Entering the St-Henri offices and facilities of Continuité familiale auprès des détenues (CFAD), the first impression is of a wrong turn into someone's loft apartment. The reception area is set up to look like a living room. Deliberately so, as the rest of the place follows the same informal theme.

CFAD, a community group that helps mothers and children caught up in the justice system, is a non-institutional organization for people who have spent far too much time in institutions. "We're not professionals and we don't want to be," says funding researcher Tracy Théberge. "We want to be people who help people. Most everyone here has been through the system. Once in a while we hire a skilled worker who hasn't but we try not to."

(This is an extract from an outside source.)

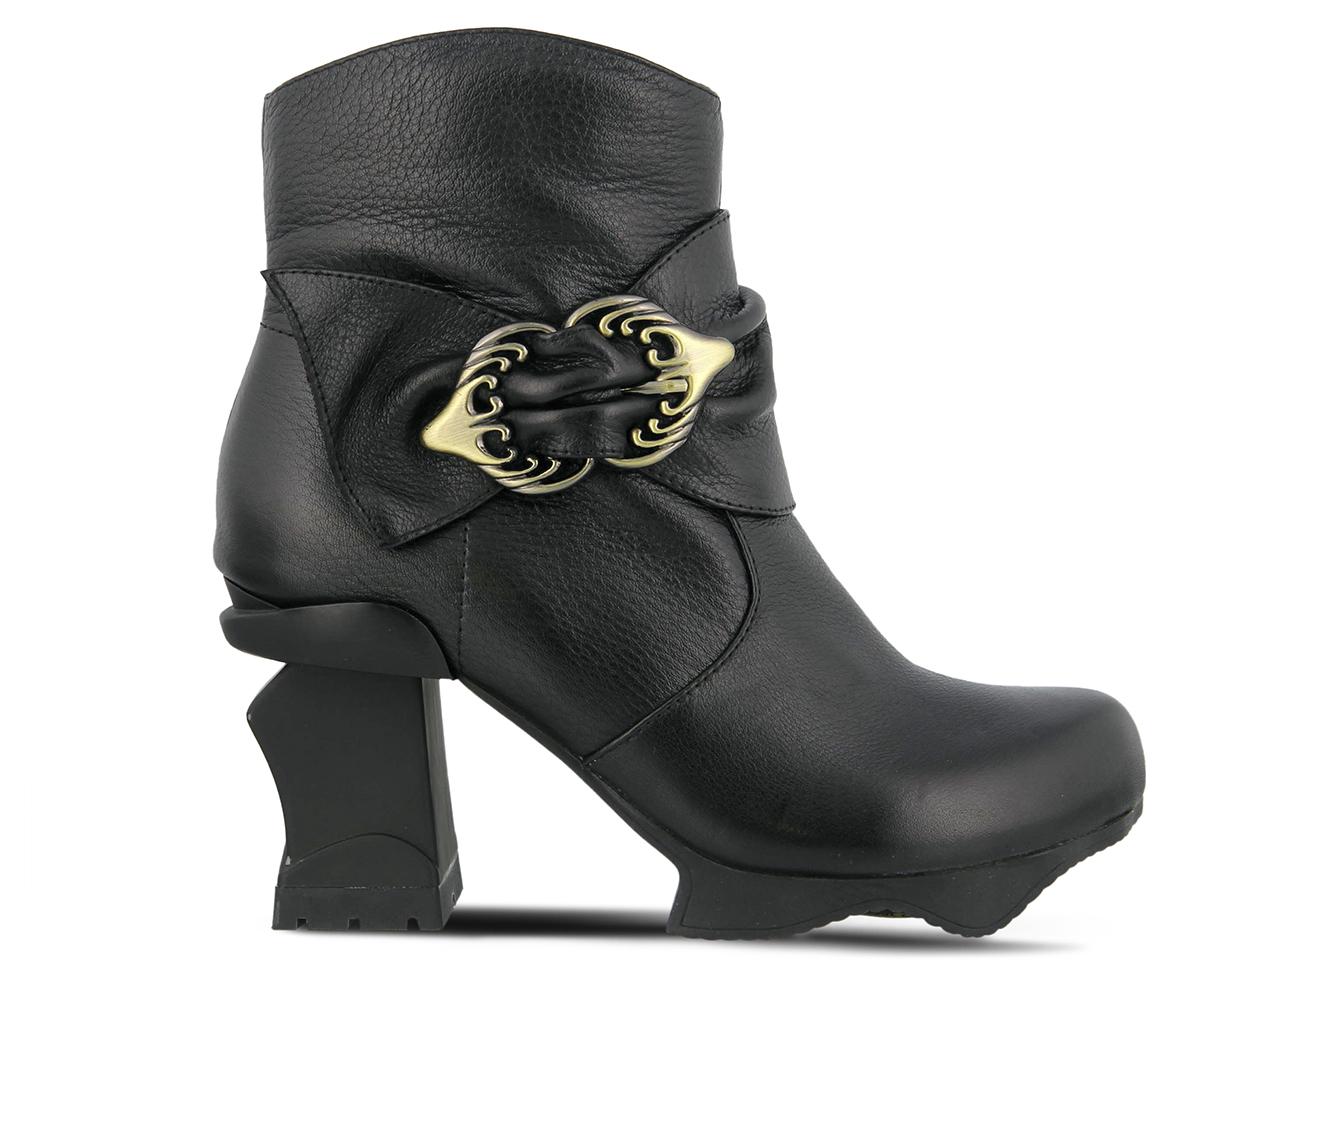 L'Artiste Natia Women's Boots (Black Leather)

"We do trailer visits between children and their mothers in Tanguay [women's prison]," says Marvine MacFarlane, describing the range of their services. "We have a food bank and discount clothing bazaar - prices start at a nickel with nothing over a dollar - we teach job skills and training - "

CFAD's cook Carol Lee cuts in, "‘Who was your last employer?' ‘CFAD!' At least we have something to put on our résumé."

"We also run programs and activities to keep the kids off the streets" MacFarlane continues. "Arts and crafts, summer and winter camps, group outings for swimming, fishing, ice-skating. Anything to take their minds off the fact that mommy's in jail."

Her own responsibility is the music program, Courage in Music. "We see that from age 10 on, the kids get into the same problems as their parents. Music detours the mind of the restless child," MacFarlane says. "It gives them a sense of value."

The youngest band member, eight-year-old Alex Smart, has been the group's drummer for three years. He describes their repertoire as a mix of reggae, hip hop and popular music. Courage in Music plays four to five community shows a month; recent ones include Cry of the Congo, Jamaica Day and Haile Selassie's birthday. Their next show, at the Sala Rossa on August 8, is a benefit for CFAD and a commemoration of Prisoners' Justice Day (Aug. 10).

Prisoners' Justice Day is a worldwide event that began in Canada as a result of the deaths of two prisoners at Millhaven Prison in Kingston, Ontario, in 1974 and 1976. The prison guards had deactivated the emergency call buttons in the solitary cells, resulting in the bleeding death of Eddie Nalon on Aug. 10, 1974. Two years later, the call buttons had not been reconnected and Bobby Landers died after leaving a written description of the symptoms of a heart attack. On Aug. 10, prisoners around the world fast, refuse to do prison work and refuse to leave their cells. On the outside, prison reform and prison abolition activists mark the day with educational events. Other events this year include a free video night on Aug. 9 at Sala Rossa and a six-hour radio marathon on CKUT from 1–7 p.m., Aug. 10.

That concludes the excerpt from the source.